I wouldn't confuse machine instruction encoding with machine instruction execution. There are some machines that "compile" standardly-encoded instructions on-the-fly into the instruction cache as very different RISC/VLIW instructions.* Thus, a lot of compiler cleverness (e.g., LEA) is wasted because both the clever and the non-clever instruction encodings end up as the same bit patterns (and execution speeds) in the instruction cache. So unless the instructions are never already in the instruction cache at the time that the instruction is actually executed, there isn't much penalty to the non-clever encoding. Note also that many machines do relatively aggressive pre-fetch on instructions, because the penalty for extra speculation on instructions isn't very high. On newer Intel processors with execute-only pages, the processor is free to pre-fetch like crazy. Thus, the only savings for such clever compiler encodings is in the size of the binary file, which -- in these days of 100MB-1GB applications -- is pretty insignificant. * This is yet another reason for separate instruction & data caches, which can cause all sorts of mischief when then get out of sync -- e.g., you can hide malicious code in plain sight (well, in the instruction cache), while the data cache shows the non-malicious code.
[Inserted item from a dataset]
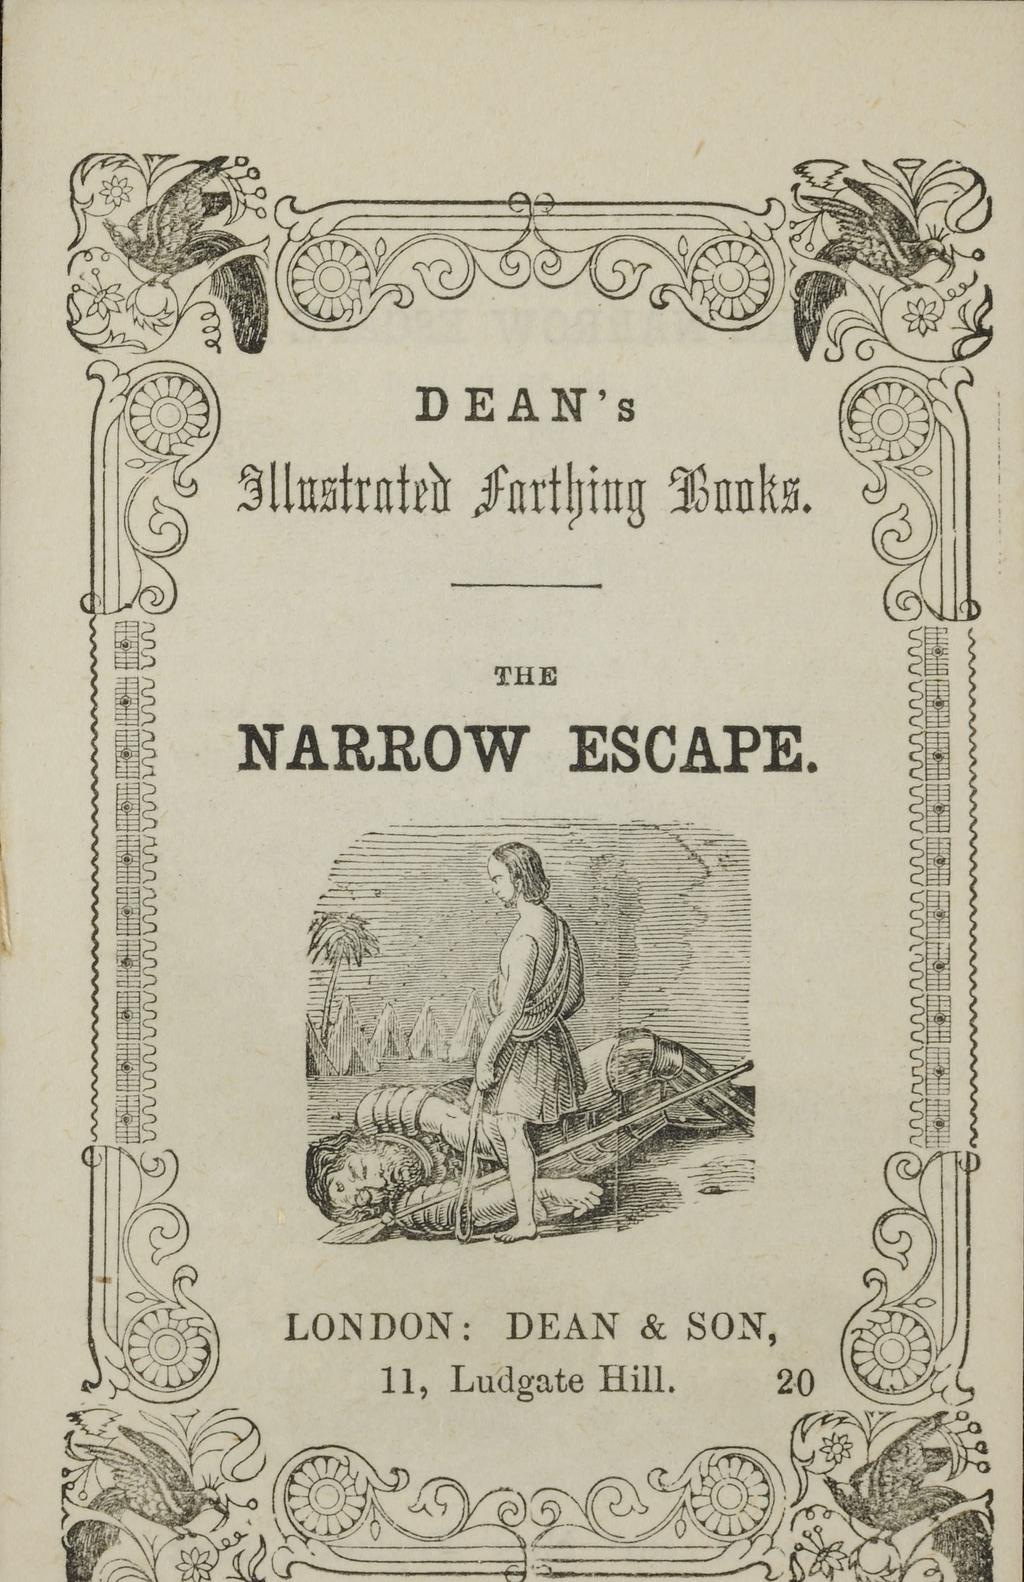 DEAN S Illustrated Farthing Books.

But this is a discussion for another day. At 08:53 AM 4/8/2015, Joerg Arndt wrote:
less asm.lst [...] 9:foo.cc **** unsigned foo(unsigned x) 10:foo.cc **** { 64 .loc 1 10 0 65 .cfi_startproc 66 .LVL0: 67 .LBB2: 11:foo.cc **** unsigned y = x*x; 68 .loc 1 11 0 69 0000 89F8 movl %edi, %eax # x, y 70 0002 0FAFC7 imull %edi, %eax # x, y 71 .LVL1: 12:foo.cc **** return x + 1 + 4*y; 72 .loc 1 12 0 73 0005 8D448701 leal 1(%rdi,%rax,4), %eax #, D.2236 74 .LVL2: 75 .LBE2: 13:foo.cc **** } [...]
And compilers do MUCH more sophisticated thinks than this.